Putting AI to work in genomic medicine

 

Decision makers will want to realise the potential of AI for genomic medicine by speeding up delivery whilst minimising harms. We outline seven practical policy actions to help achieve this goal.

Artificial intelligence (AI) offers great potential for health in both medical research and care, but the computerised analysis of data by opaque (black box) machine learning processes poses significant practical, ethical and regulatory challenges.

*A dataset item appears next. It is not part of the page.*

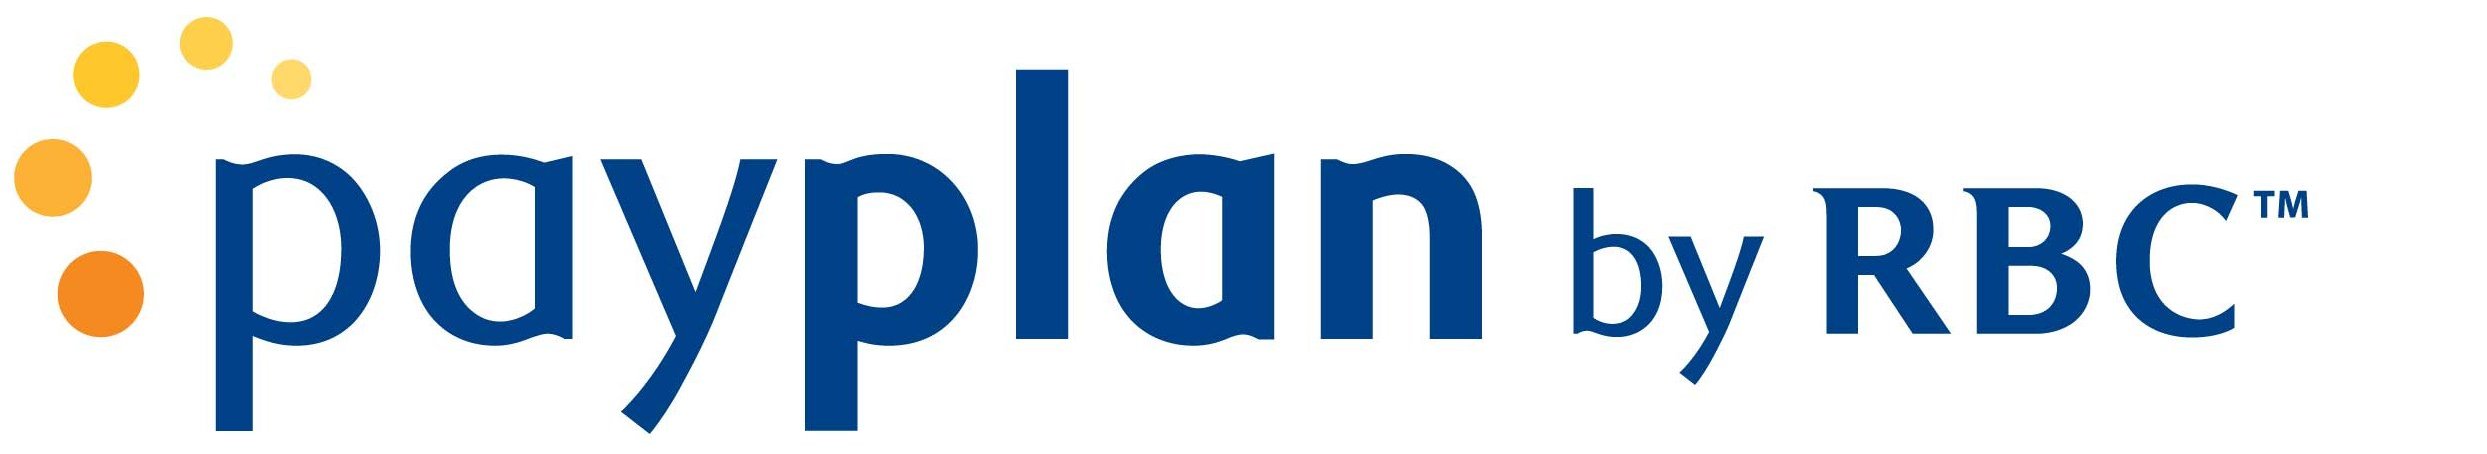 Payplan logo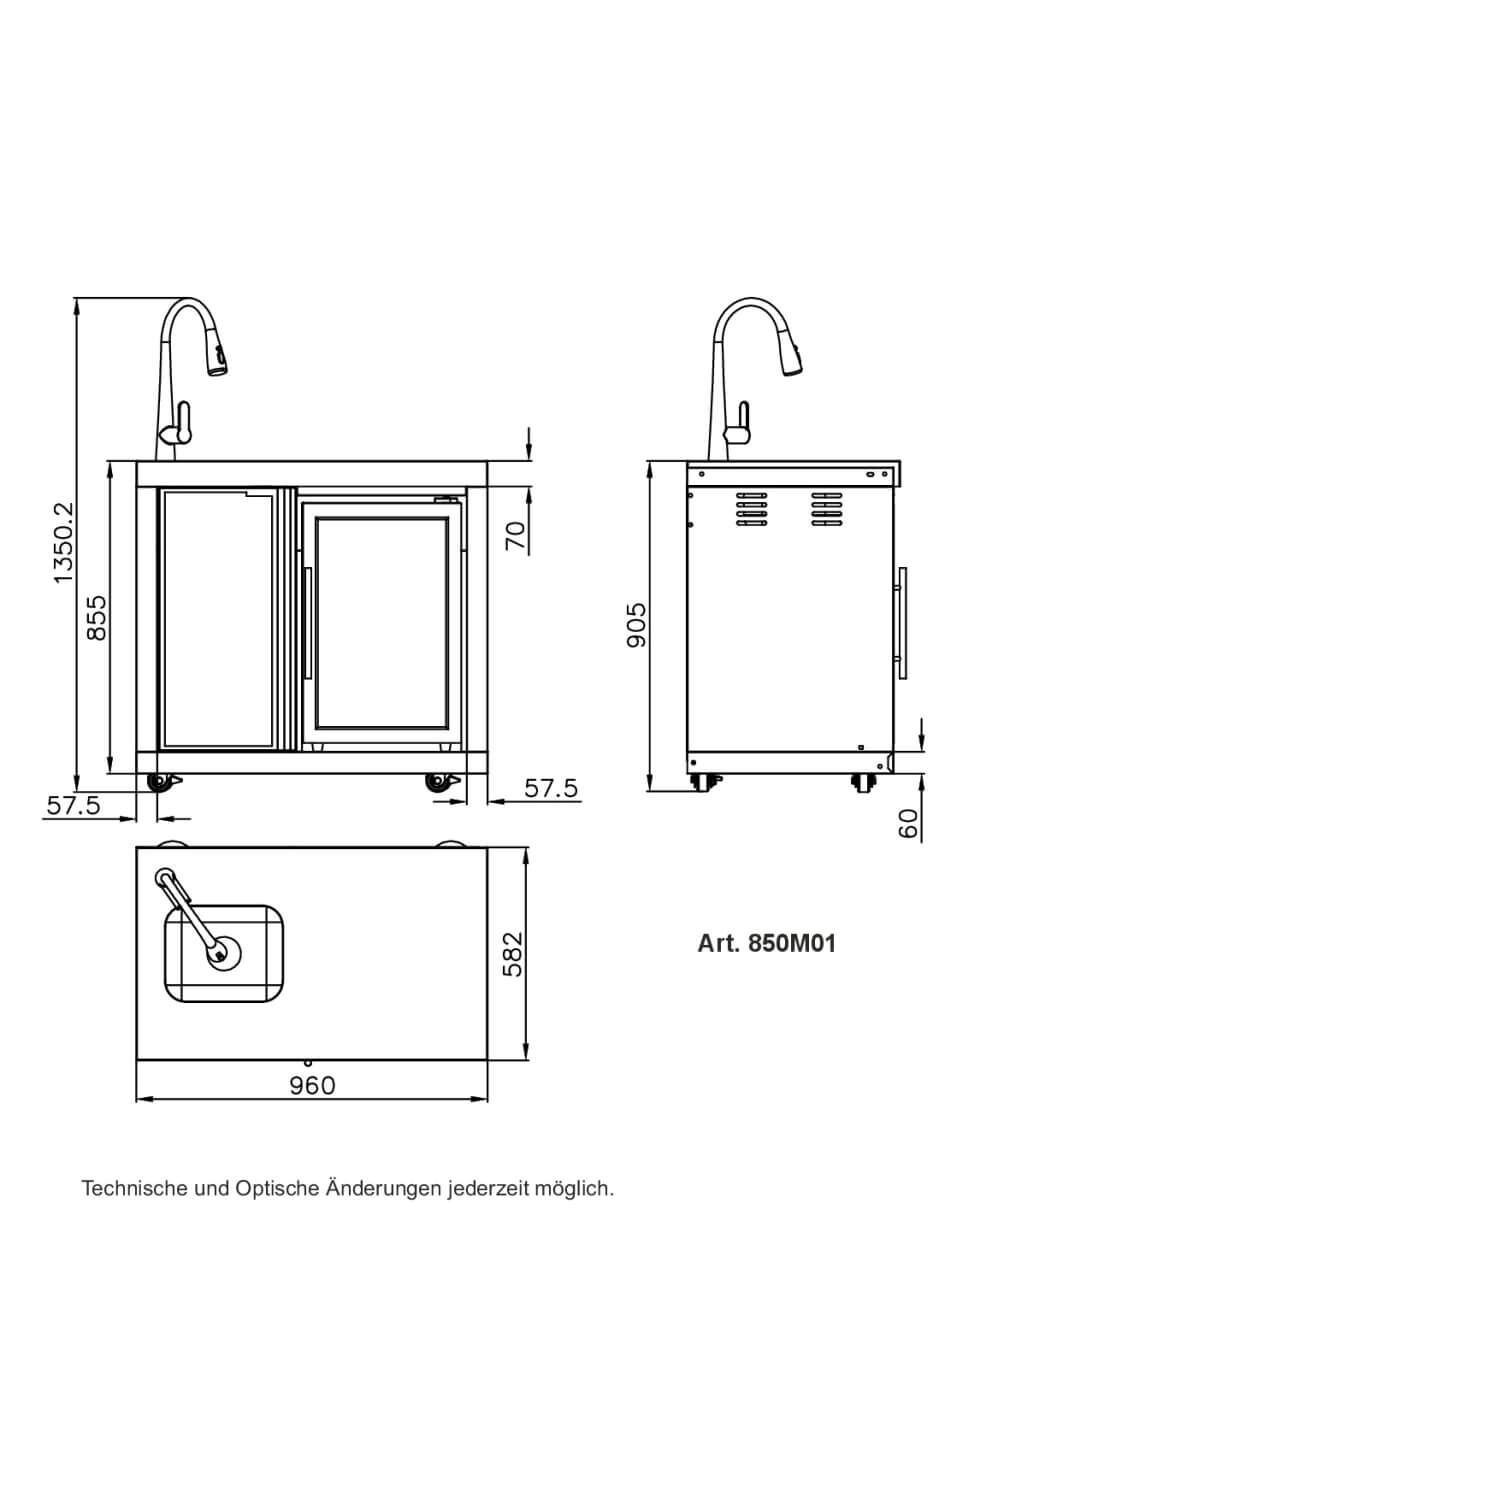 ALL'GRILL Modul 1 - Waschbecken & Kühlschrank Einbaumodul 850M01

Medical applications of machine learning (a form of AI) offer exciting opportunities for automated data analysis to provide new insights and more accurate predictions than even expert professionals can achieve. This could offer a wealth of benefits, from more efficient triaging and scheduling of appointments and rotas through to earlier detection of disease, more precise diagnosis and treatment, and more effective public health surveillance. However, the logic involved and the processes by which these machine learning models reach conclusions is not obvious – a potential hurdle for effective regulatory oversight, and for securing user and public trust.

The ability to explain how machine learning models work is important to:

  • Evidence safety and effectiveness
  • Facilitate human-computer interaction
  • Assist in scientific or causal understanding
  • Underpin control by the data subject or controller accountability

It may be particularly important to secure an adequate explanation where decisions result in high-stakes outcomes, which is often the case in medical research or healthcare.